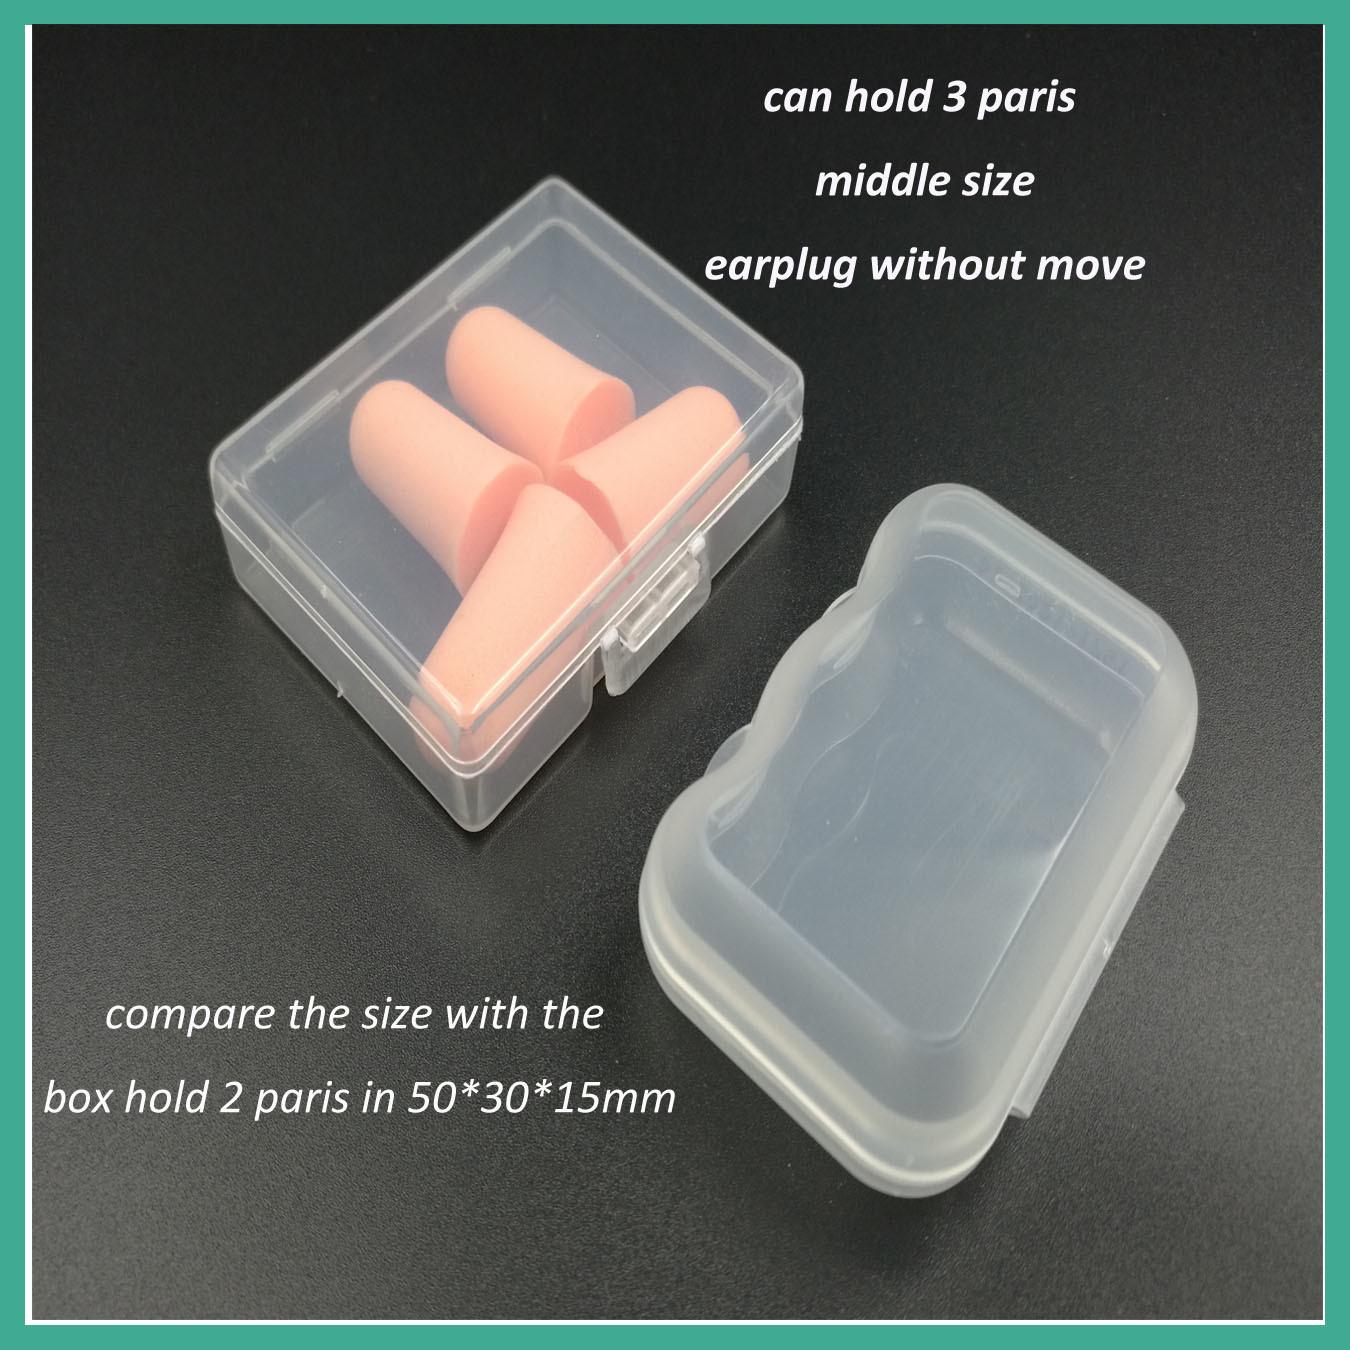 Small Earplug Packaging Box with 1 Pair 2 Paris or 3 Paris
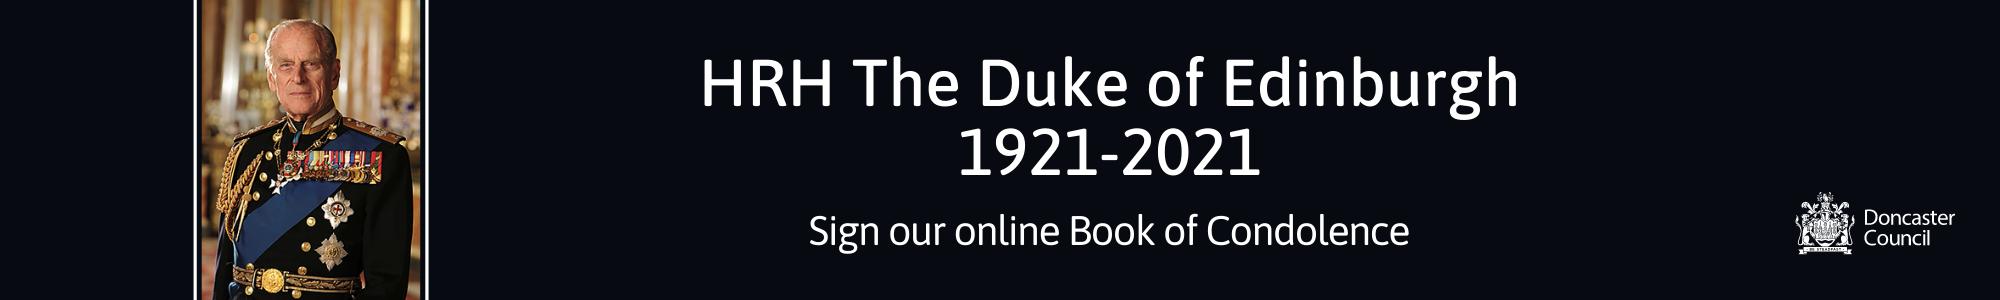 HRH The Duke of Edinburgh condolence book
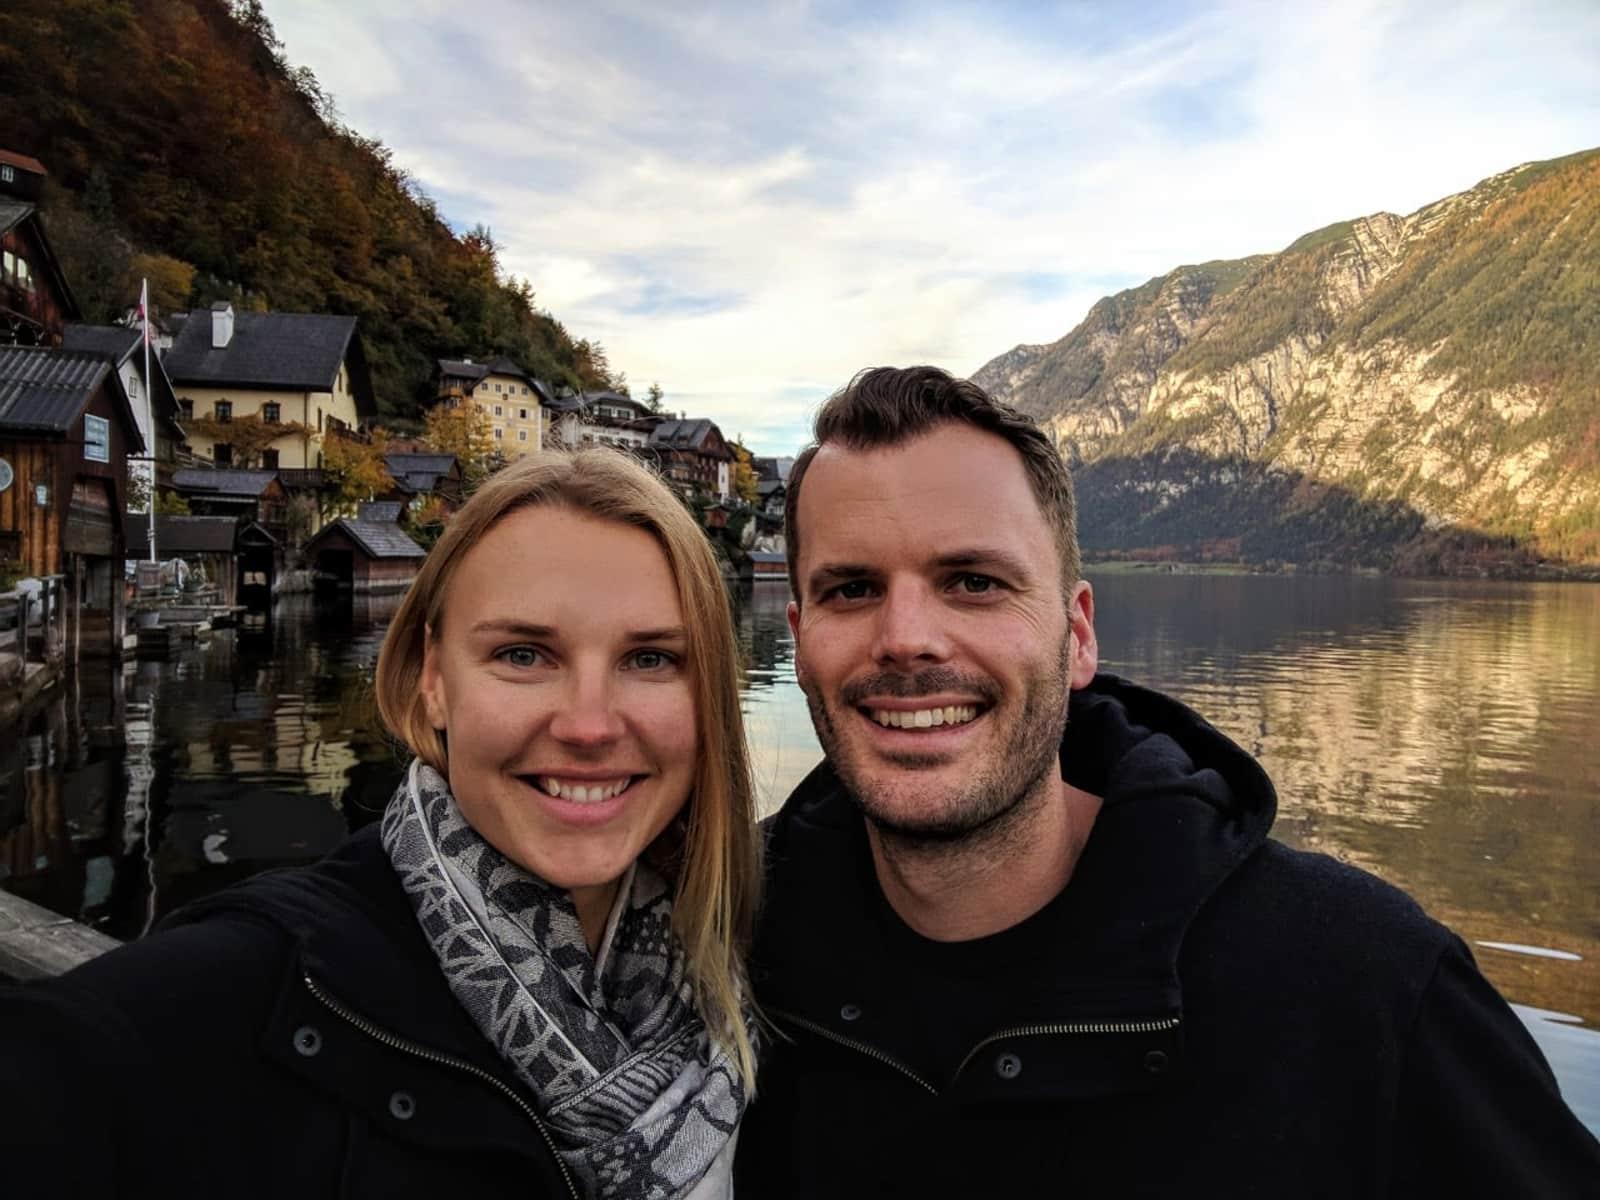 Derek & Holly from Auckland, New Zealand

- - - - -

THE PROBLEM
Please retype the listing in full, exactly as given, and skip every image.

EXPECTED ANSWER
 Small Earplug Packaging Box with 1 Pair 2 Paris or 3 Paris
 HRH The Duke of Edinburgh condolence book
 Derek & Holly from Auckland, New Zealand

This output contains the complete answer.